You can later enrich the sample with more parameters depending on your business and technical requirements (see Customize the Configuration File).
{
"entities": {
"table_1_name": {
"global": {
"custom": {
"hub": ["column_1_name","column_2_name","column_3_name"]
}
}
},
"table_2_name": {
"global": {
"custom": {
"hub": ["column_1_name","column_2_name","column_3_name"]
}
}
}
},
"downloaders": {
"gsheets_downloader_id": {
"type": "gs",
"entities": ["table_1_name","table_2_name"]
}
},
"gs": {
"client_id": "google_client_id",
"spreadsheet_id": "spreadsheet_id"
},
"integrators": {
"ads_integrator_1": {
"type": "ads_storage",
"entities": ["table_1_name","table_2_name"]
}
},
"ads_storage": {
"instance_id": "data_warehouse_instance_id",
"username": "dw_email@address.com",
"options": {}
}
}
The placeholders to replace with your values:
Name | Type | Mandatory? | Default | Description |
---|---|---|---|---|
entities -> table_x_name | string | yes | n/a | The database table into which Google Sheets Downloader loads the data One table corresponds to one sheet in the source spreadsheet. Specify as many tables for as many sheets with data that are in the source spreadsheet. For example, if the source spreadsheet contains five sheets, specify five tables under ‘entities’. The name of the table must be the same as the name of the sheet from which the data will be downloaded. For example, if you have a sheet named 'company', name the table 'company':
|
entities -> table_x_name -> global -> custom -> hub | array | yes | n/a | The table columns to generate a primary key The table column names must correspond to the column names in the sheet from which the data will be downloaded. Example: |
downloaders -> gsheets_downloader_id | string | yes | n/a | The ID of the Google Sheets Downloader instance Example: |
downloaders -> gsheets_downloader_id -> entities | array | yes | n/a | The database table into which Google Sheets Downloader loads the data Must be the same as the database table names in 'entities -> table_x_name' |
gs -> client_id | string | yes | n/a | Your Google client ID Example: |
gs -> spreadsheet_id | string | yes | n/a | The ID of the Google Sheets spreadsheet to download data from You can find the spreadsheet ID in the URL of the spreadsheet: |
integrators -> ads_integrator_id | string | yes | n/a | The ID of the ADS Integrator instance Example: |
integrators -> ads_integrator_id -> entities | array | yes | n/a | The names of the entities that this ADS Integrator instance processes Must be the same as the database table names in 'entities -> table_x_name' |
ads_storage -> instance_id | string | yes | n/a | The ID of the Agile Data Warehousing Service (ADS) instance into which the data is uploaded |
ads_storage -> username | string | yes | n/a | The access username to the Agile Data Warehousing Service (ADS) instance into which the data is uploaded |
Customize the Configuration File
You can change default values of the parameters and set up additional parameters.

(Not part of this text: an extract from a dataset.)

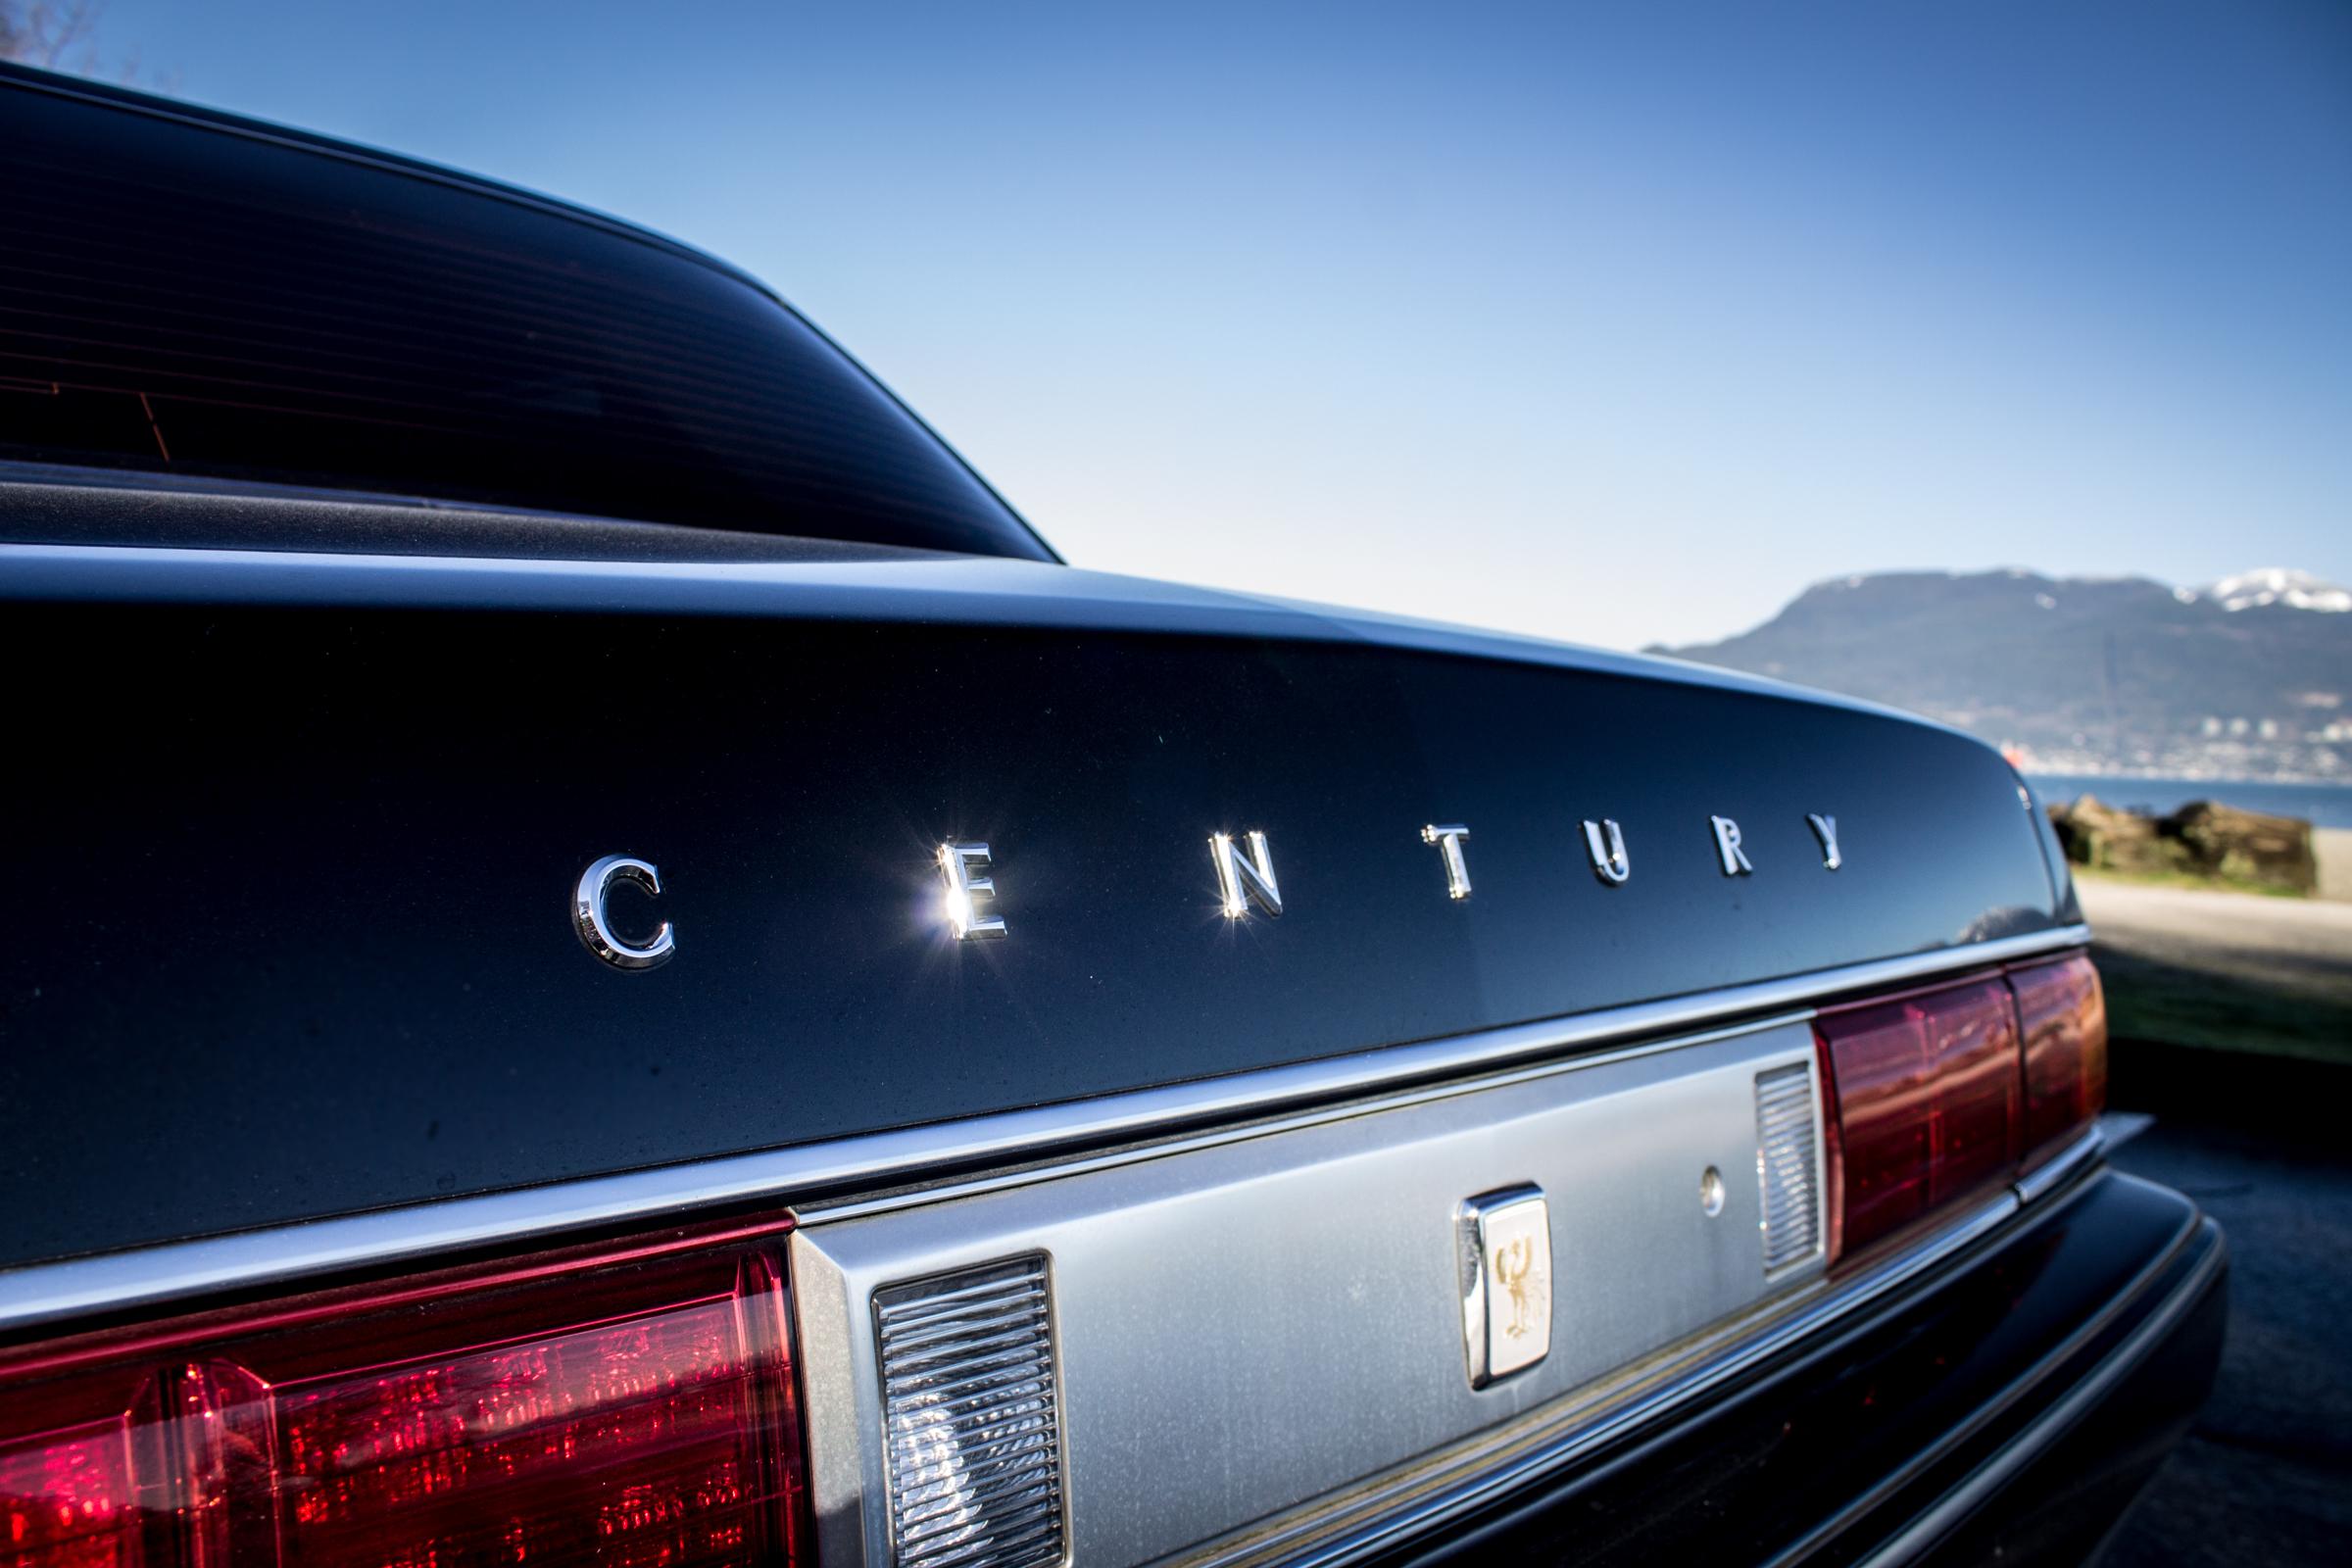 Toyota Century rear detail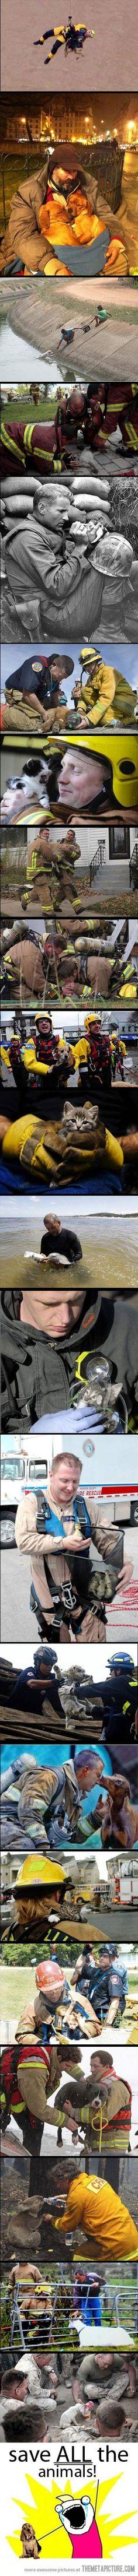 Saving animals.

Describe the structure of the source Google Sheets spreadsheet
You can set the parameters describing the structure of the source Google Sheets spreadsheet.
"gs": {
"client_id": "google_client_id",
"spreadsheet_id": "spreadsheet_id",
"options": {
"files_structure": {
"escape_as": "escape_character", // optional
"db_parser": "gdc|{no_value}", // optional
"enclosed_by": "quote_character" // optional
}
}
}
Name | Type | Mandatory? | Default | Description |
---|---|---|---|---|
escape_as | character | no | n/a | An escape character You can define an escape character using any ASCII value in the range from E'\001' to E'\177' inclusive (any ASCII character except Example: |
db_parser | string | no | gdc | The database parser
|
enclosed_by | string | no | n/a | The quote character within which to enclose data. This allows delimiter characters to be embedded in string values. You can choose any ASCII value in the range E'\001' to E'\177' inclusive (any ASCII character except Example: |
Specify additional load options for the entities
For each entity, you can set up additional load options.
"entities": {
"table_1_name": {
"global": {
"custom": {
"hub": ["column_1_name","column_2_name","column_3_name"],
"skip_rows": number_of_rows, // optional
"db_parser": "gdc|{no_value}" // optional
}
}
}
}
Name | Type | Mandatory? | Default | Description |
---|---|---|---|---|
skip_rows | integer | no | 0 | The number of rows from the top of a Google Sheets spreadsheet that Google Sheets Downloader will skip |
db_parser | string | no | gdc | The database parser
|
Add multiple instances of Google Sheets Downloader
When you use only one instance of Google Sheets Downloader, it reads its remote location parameters from the ‘gs’ section.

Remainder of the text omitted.